Herald Staff Writer | Hagadone News Network | UPDATED 11 years, 8 months AGO
by Herald Staff WriterCHERYL SCHWEIZER
| October 15, 2013 1:00 PM

MOSES LAKE - Fall enrollment at Big Bend Community College increased about 2.5 percent, bucking a statewide trend toward slightly lower enrollment.

The college had the equivalent of 1,540 full time students (defined as 15 or more credit hours) on the tenth day of classes, Doug Sly, the college's public information officer, said. That's the equivalent of 38 more students in 2013 than 2012, when the tenth-day enrollment equivalent was 1,502, Sly said.

Full time students make up 73 percent of enrollment; full time enrollment has been on an upward trend since about 2009, Sly said. Full time students made up about 60 percent of enrollment in 2006 and 63 percent of enrollment in 2009, he said.

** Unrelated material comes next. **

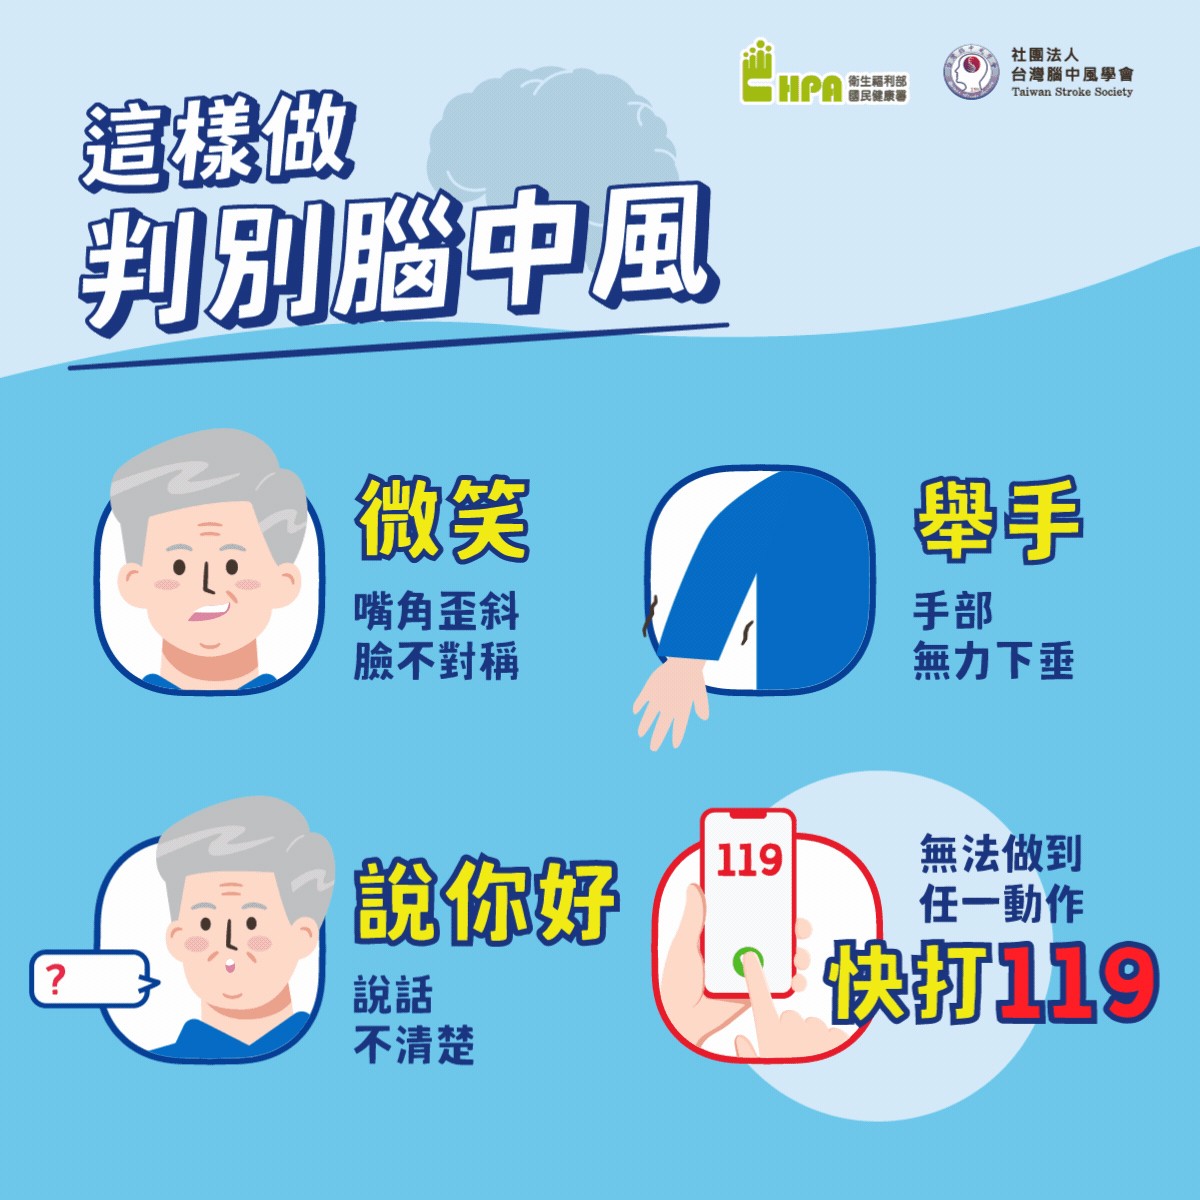 腦中風8大危險因子 控制三高遵守4要點 台灣每42分鐘即有1人死於腦血管疾病

Summer quarter enrollment was up about 7 percent, BBCC President Terry Leas said. Enrollment also is bucking a traditional trend, Sly said, where enrollment goes up in a poor economy and drops in a good economy. The Grant County economy is in relatively good shape, Sly said, and enrollment is still strong.

In addition, "we see a growing number of full time students and a shrinking number of part time students," Sly said.

Leas said college officials think the upward trend "is related to the initiatives we've employed to improve retention."

Leas called it the "flipped classroom," where students get information online, then bring their questions and the concepts they don't understand to class. It's been used in the college's mathematics program, he said.

Students who enroll in the college's math makeup program must complete a three-section class, Leas said, and some of those students are completing two courses, and sometimes all three, in one quarter, he said. Students are enrolling in the college-level courses with more confidence in their ability to do the work, he said. Under the previous method of instruction about 50 to 60 percent of students would enroll in college math, he said. Now it's 75 to 80 percent.

"We had a waiting list for students in calculus. That is unheard-of in a small rural community college," Leas said.

Sly said growth has been "a little bit across the board." Enrollment in the college's Running Start program is 213 students, a 46-student increase over 2012 and among the highest ever, he said.